= Afef Fekih =

Tunisian-American control theorist

Afef Fekih is a Tunisian-American electrical engineer specializing in control theory, with applications including wind energy, unmanned aerial vehicles, and active suspensions. She is a professor in the Department of Electrical and Computer Engineering at the University of Louisiana at Lafayette, where she directs the Advanced Control Systems Laboratory.

==Education and career==
Fekih was a student at the National Engineering School of Tunis, where she received a bachelor's degree in 1995, master's degree in 1998, and Ph.D. in 2002.

After work as an assistant professor at the Higher Institute of Medical Technologies of Tunis, she became an adjunct professor and then visiting professor at the University of Louisiana at Lafayette in 2003 and 2004, and a regular-rank assistant professor in 2005. She was promoted to full professor in 2016, and holds the Harold Callais/BORSF Endowed Professorship in Electrical and Computer Engineering and the O'Krepki/BORSF Professorship in Telecommunications.

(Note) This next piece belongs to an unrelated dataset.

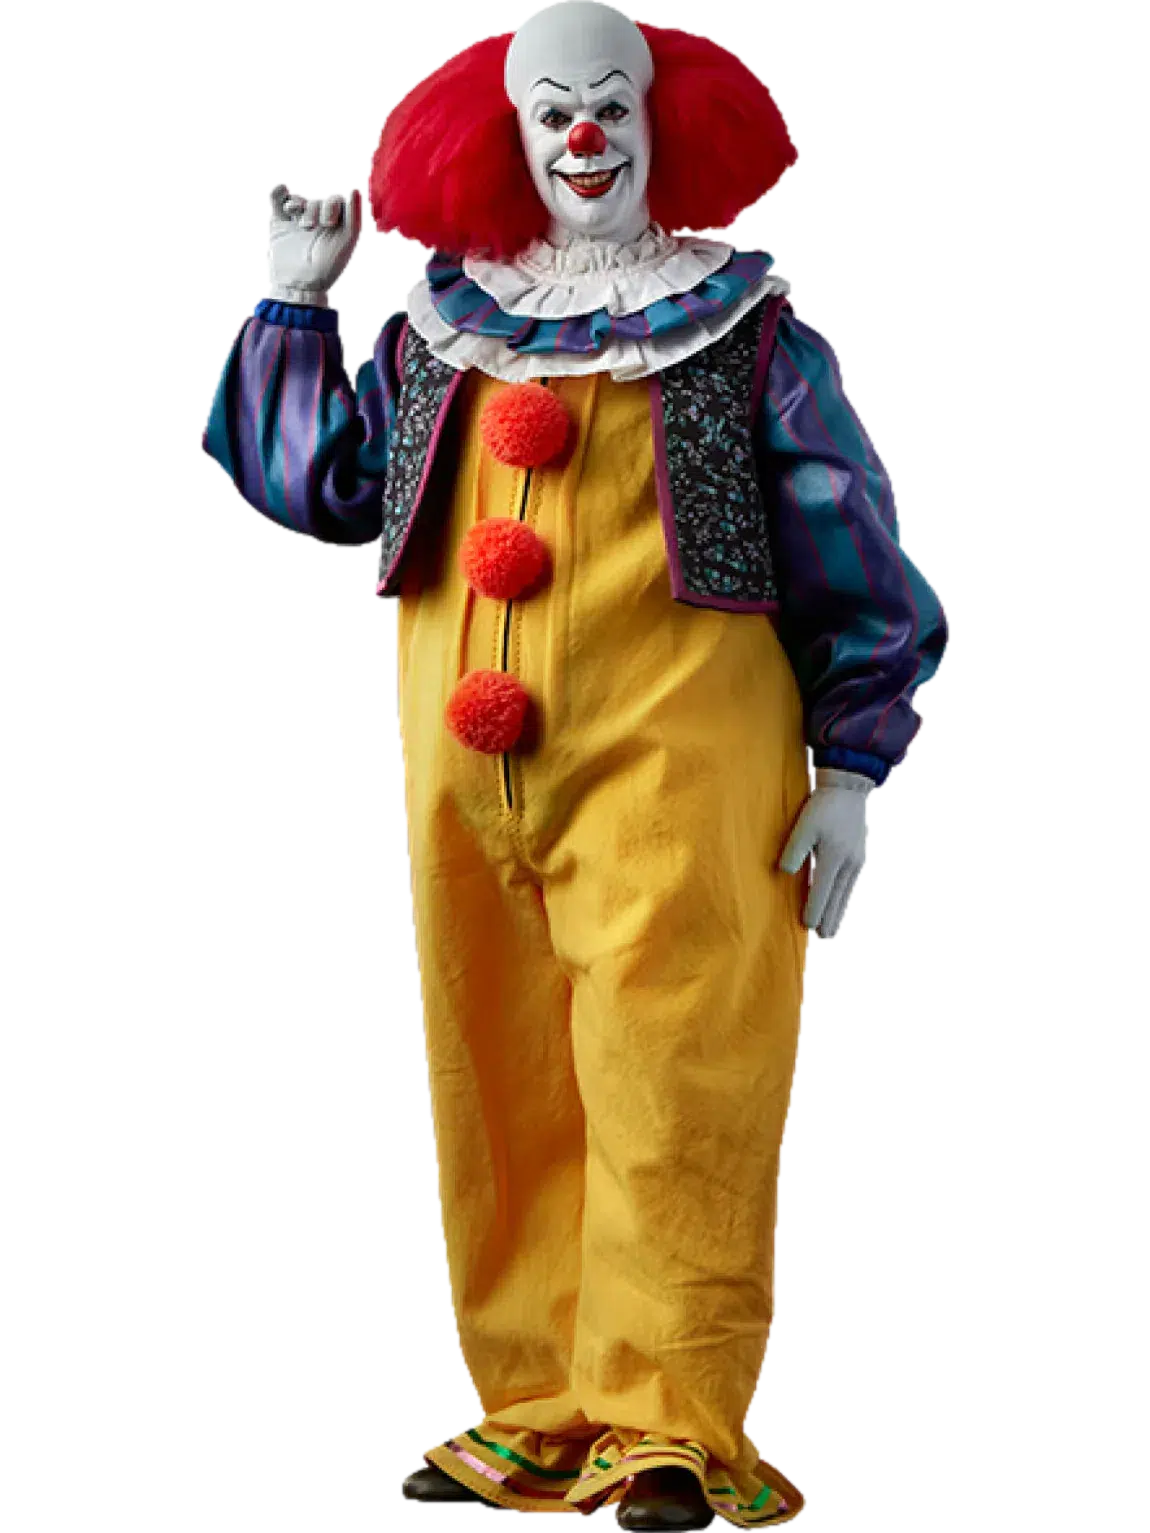 IT: Pennywise: 1990: Sixth Scale Figure: Sideshow

===Professional activities===

- Elected member, Board of Governors, IEEE Control Systems Society, 2025-2027.

- Appointed member, Board of Governors, IEEE Control Systems Society, 2023-2024.

- Associate editor, IEEE Transactions on Control Systems Technology, 2025 – now.
- Associate editor, ISA Transactions, 2024 – now.

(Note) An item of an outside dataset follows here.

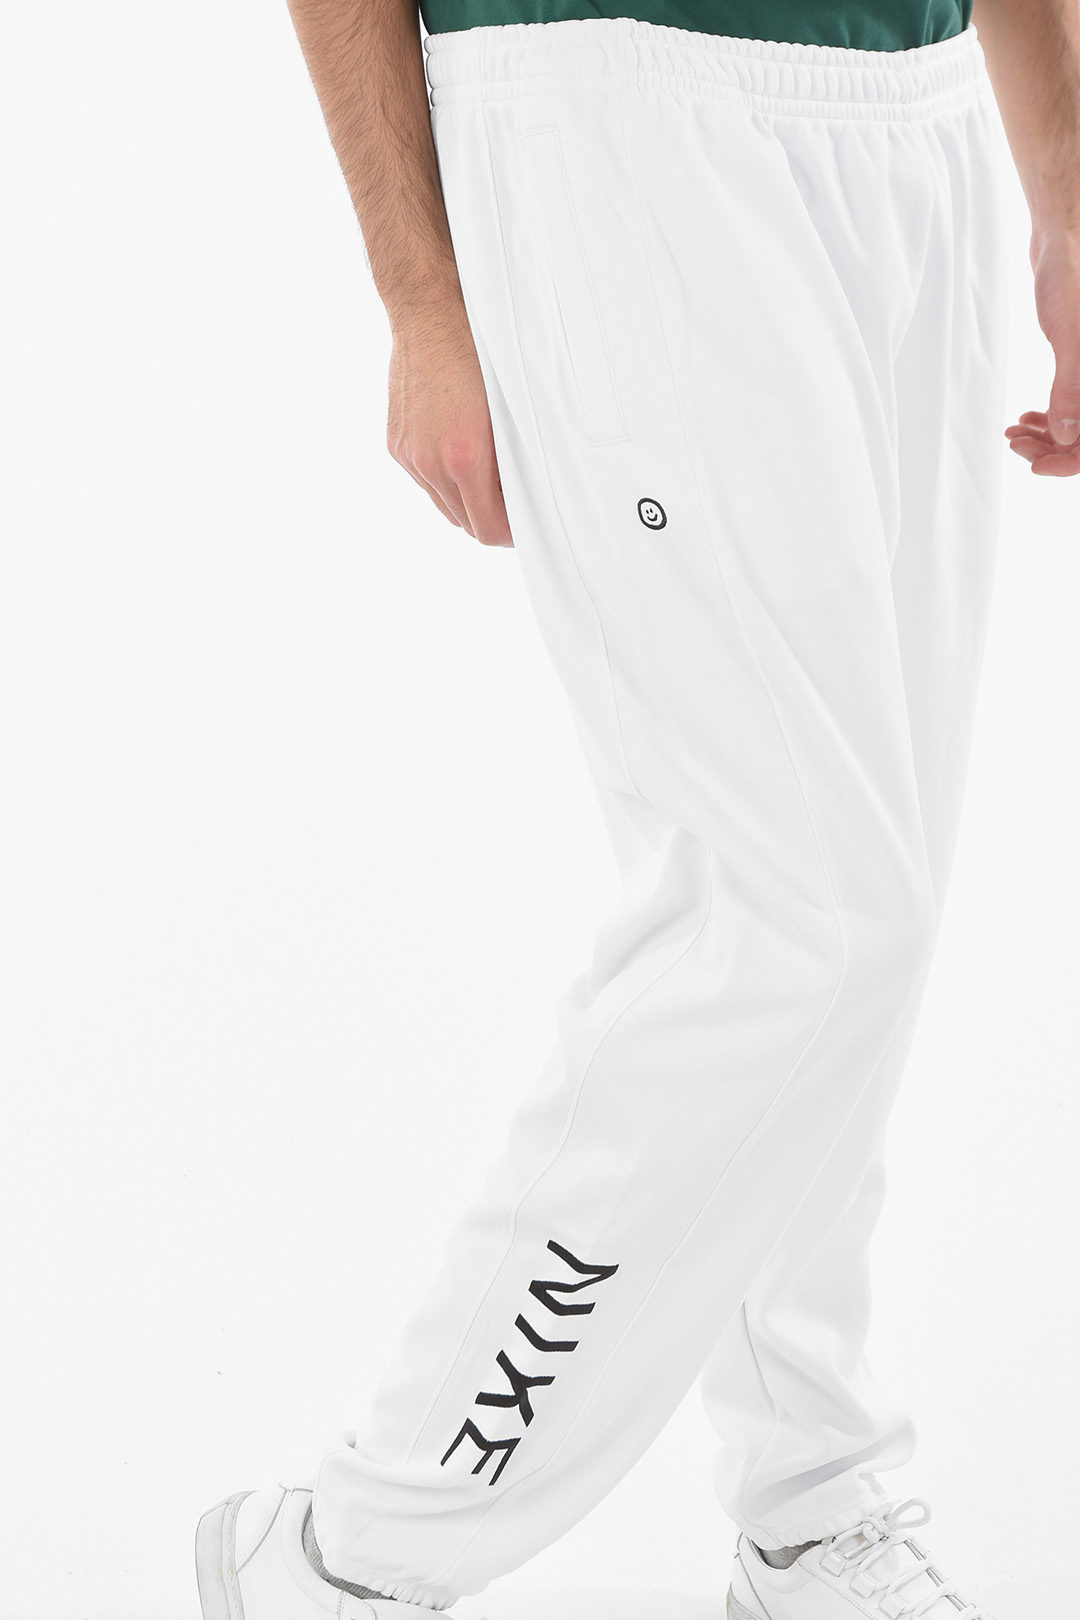 Nike Logo Embroidered Solid Color Joggers men - Glamood

- Associate editor, ASME Journal of Dynamic Systems, Measurement and Control, 2024 – now.

==Recognition==
Fekih received the University of Louisiana at Lafayette's Distinguished Professor Award in 2022. She was a 2025 recipient of the IEEE Control Systems Society Distinguished Member Award, given "for significant technical contributions in the area of fault tolerant control and outstanding service to the Control Systems Society". Fekih has experience editing and reviewing multiple journals and conferences. She has been a part of the publishing of more than 200 international journals, chapters, and conference papers.